◆ DATA EXCERPT:
┄┄┄┄┄┄

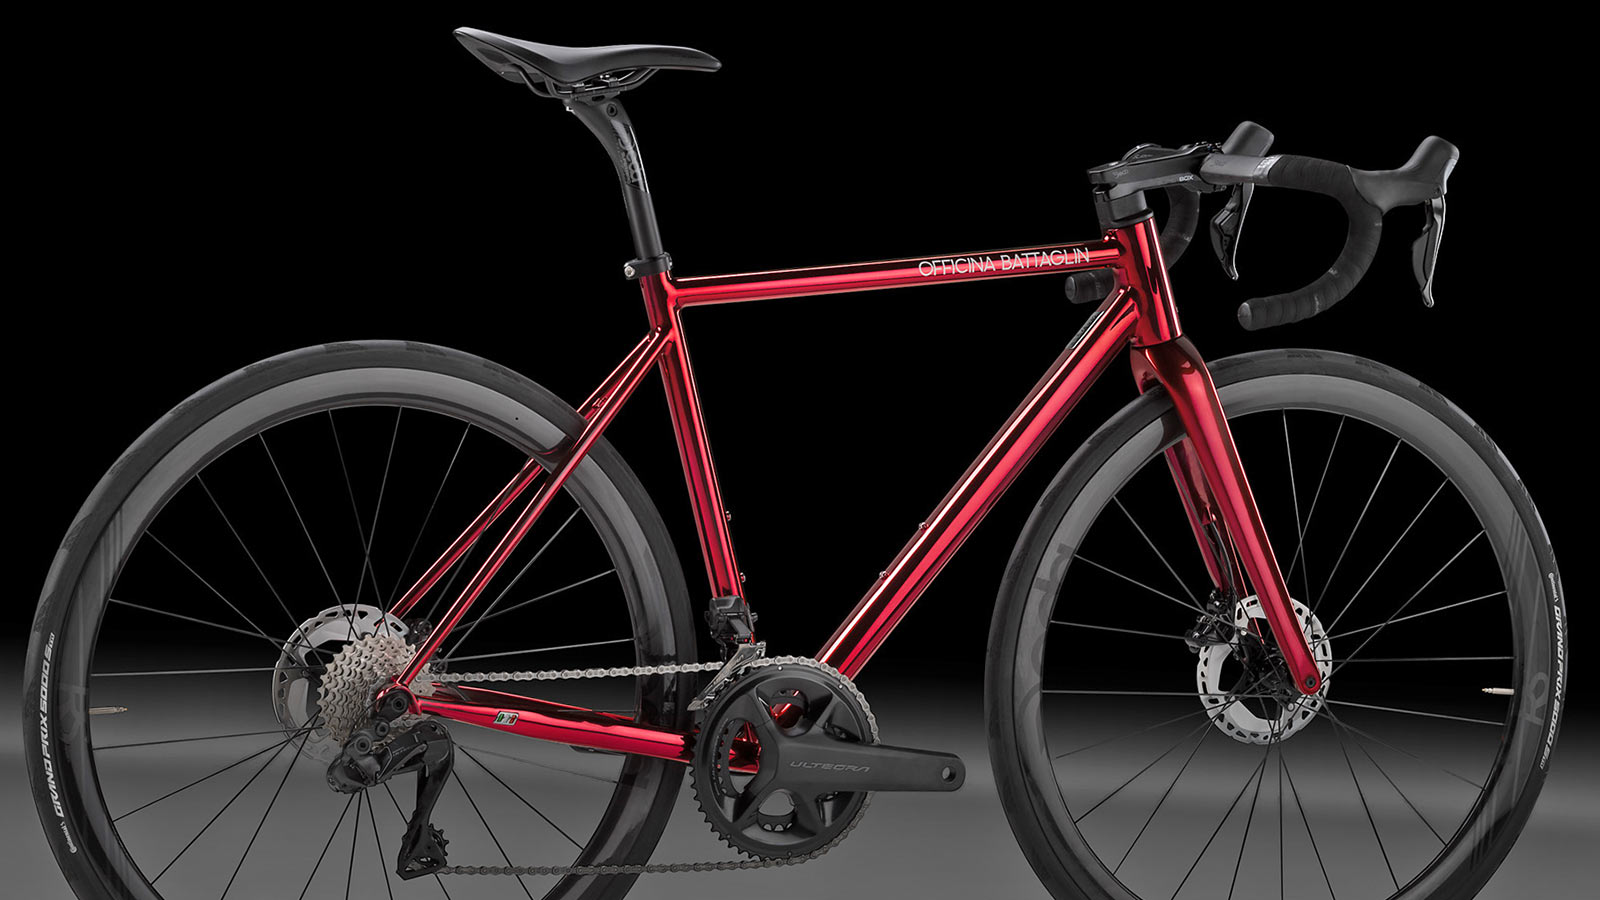 Officina Battaglin Grand Tour custom Italian steel endurance road bike in shiny chromovelato red, detail
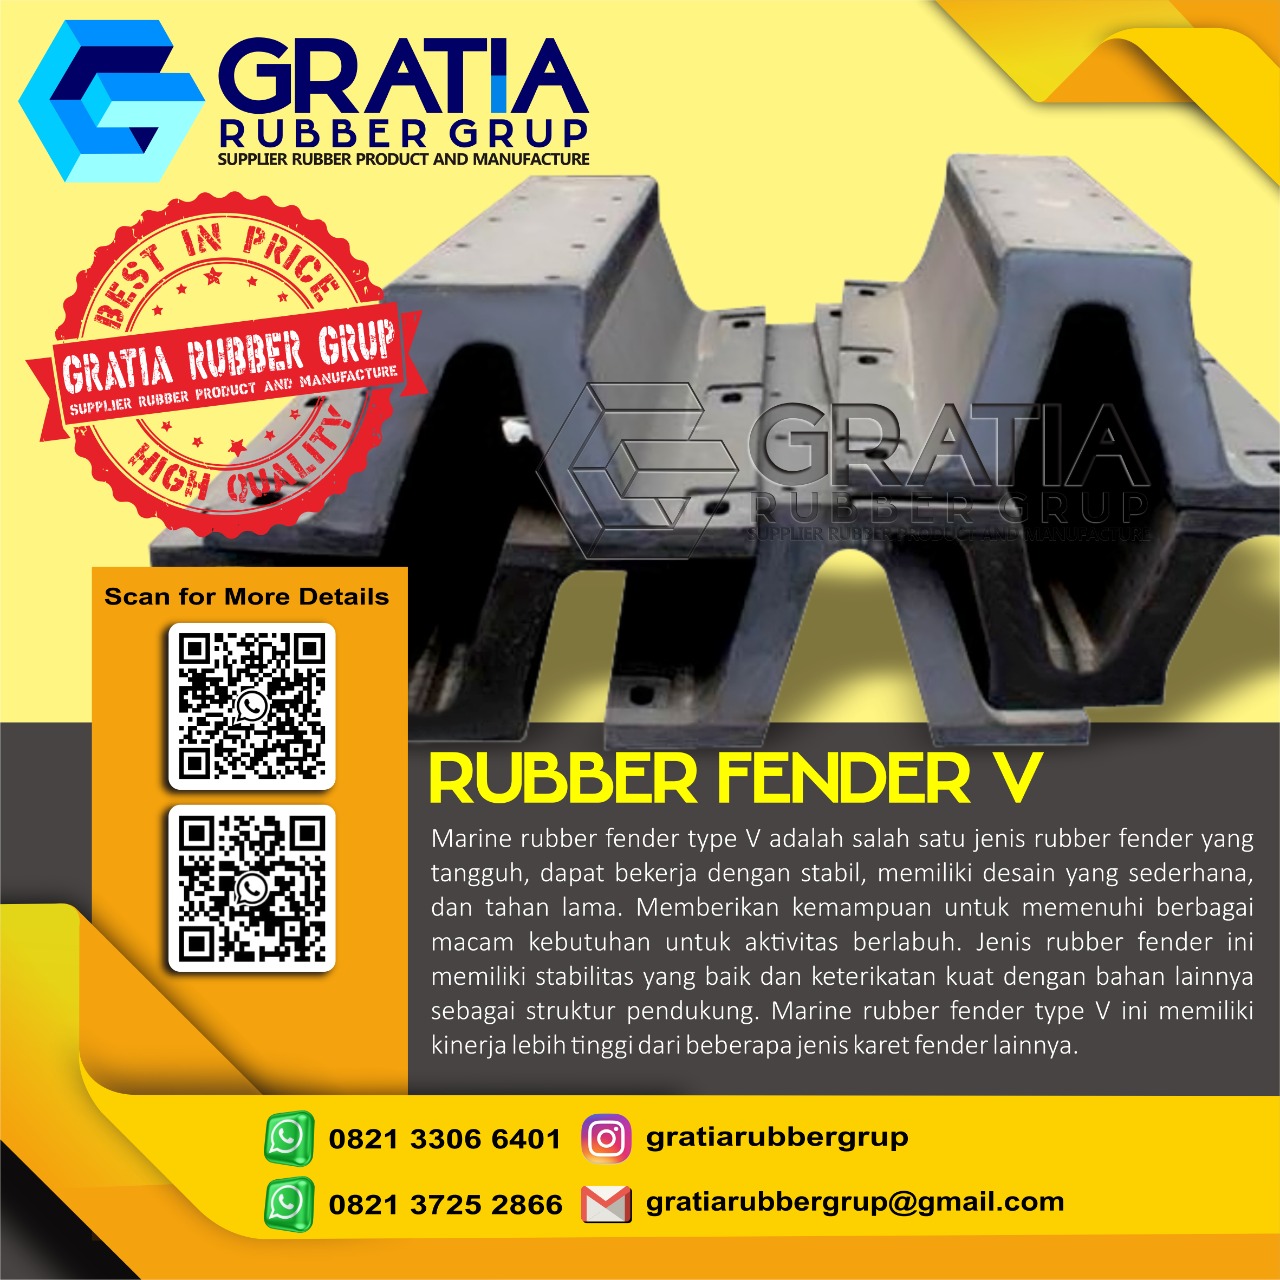 Harga Rubber Fender Murah Dan Berkualitas  Melayani Pengiriman Ke Palu Sulawesi Hub 0821 3306 0461
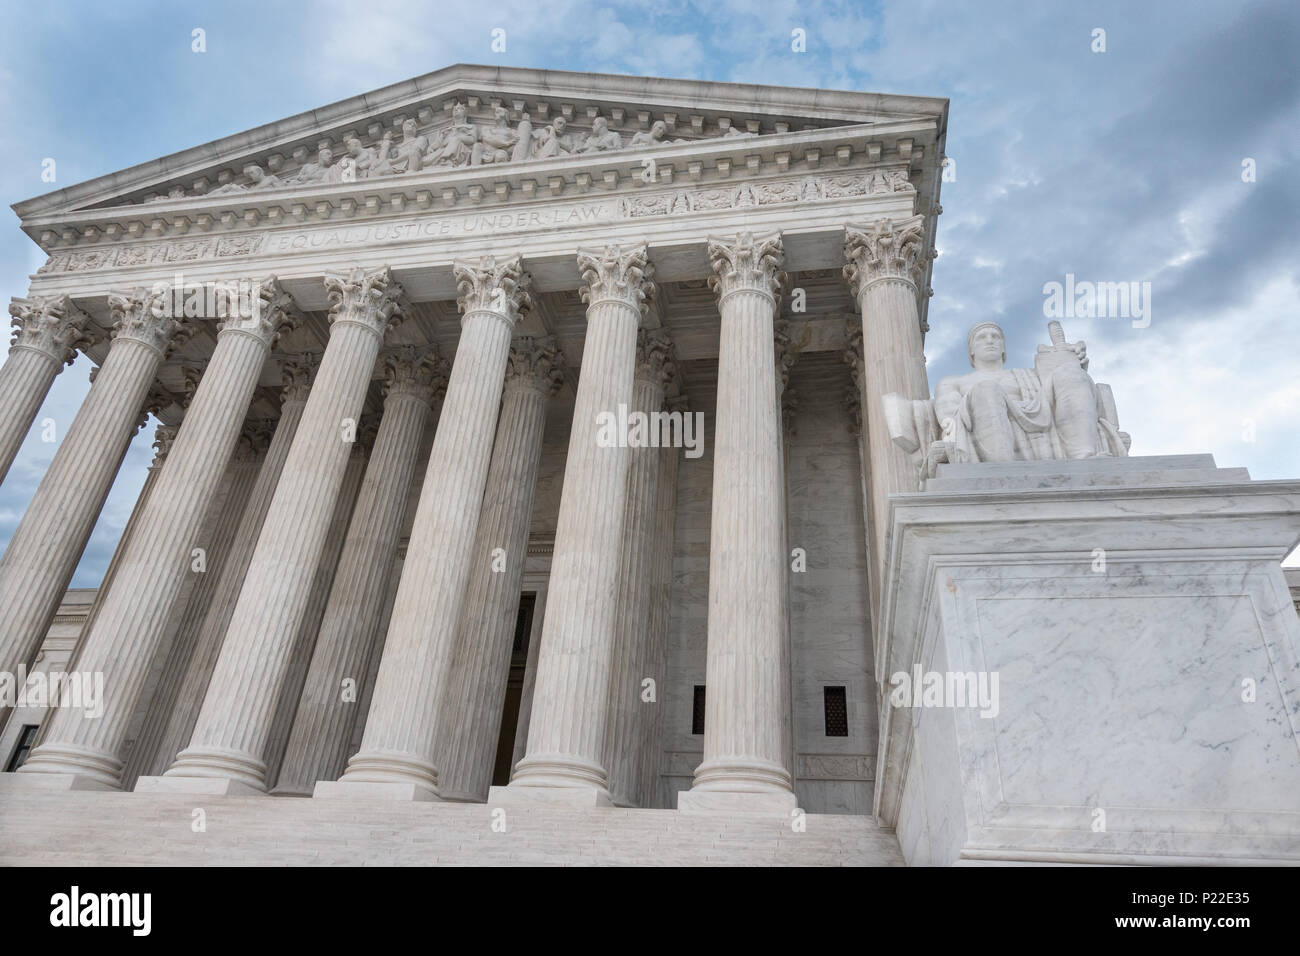 "Igualdad de Justicia bajo la ley' grabado encima de la columna de entrada, edificio de la Corte Suprema de Justicia, en Washington, DC. Autoridad de la Ley estatua en primer plano Foto de stock
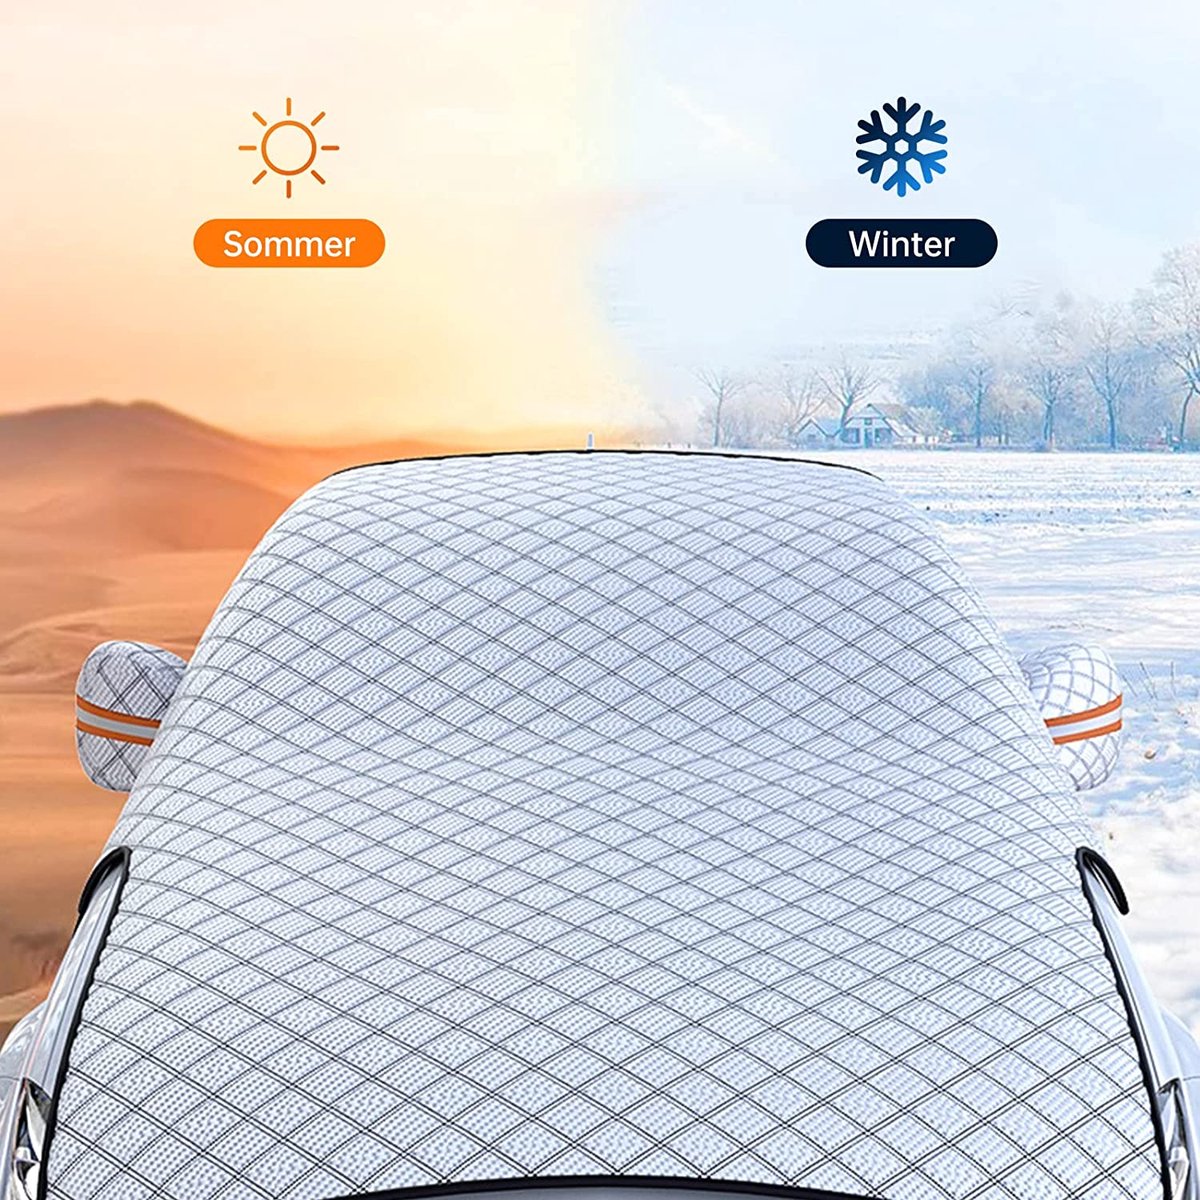 voiture pare-brise couverture anti neige gel glace bouclier poussière  protecteur chaleur soleil ombre magnétique voiture fenêtre écran gel grande  couverture de neige

┄┄┄┄┄┄

◆ WHAT THE TASK REQUIRES: The final stretch of the data, from the line with "Harga Rubber Fender" through its last line, is to be retyped exactly; pictures are not part of the copy.

◆ ANSWER BOX:
 Harga Rubber Fender Murah Dan Berkualitas  Melayani Pengiriman Ke Palu Sulawesi Hub 0821 3306 0461
 "Igualdad de Justicia bajo la ley' grabado encima de la columna de entrada, edificio de la Corte Suprema de Justicia, en Washington, DC. Autoridad de la Ley estatua en primer plano Foto de stock
 voiture pare-brise couverture anti neige gel glace bouclier poussière  protecteur chaleur soleil ombre magnétique voiture fenêtre écran gel grande  couverture de neige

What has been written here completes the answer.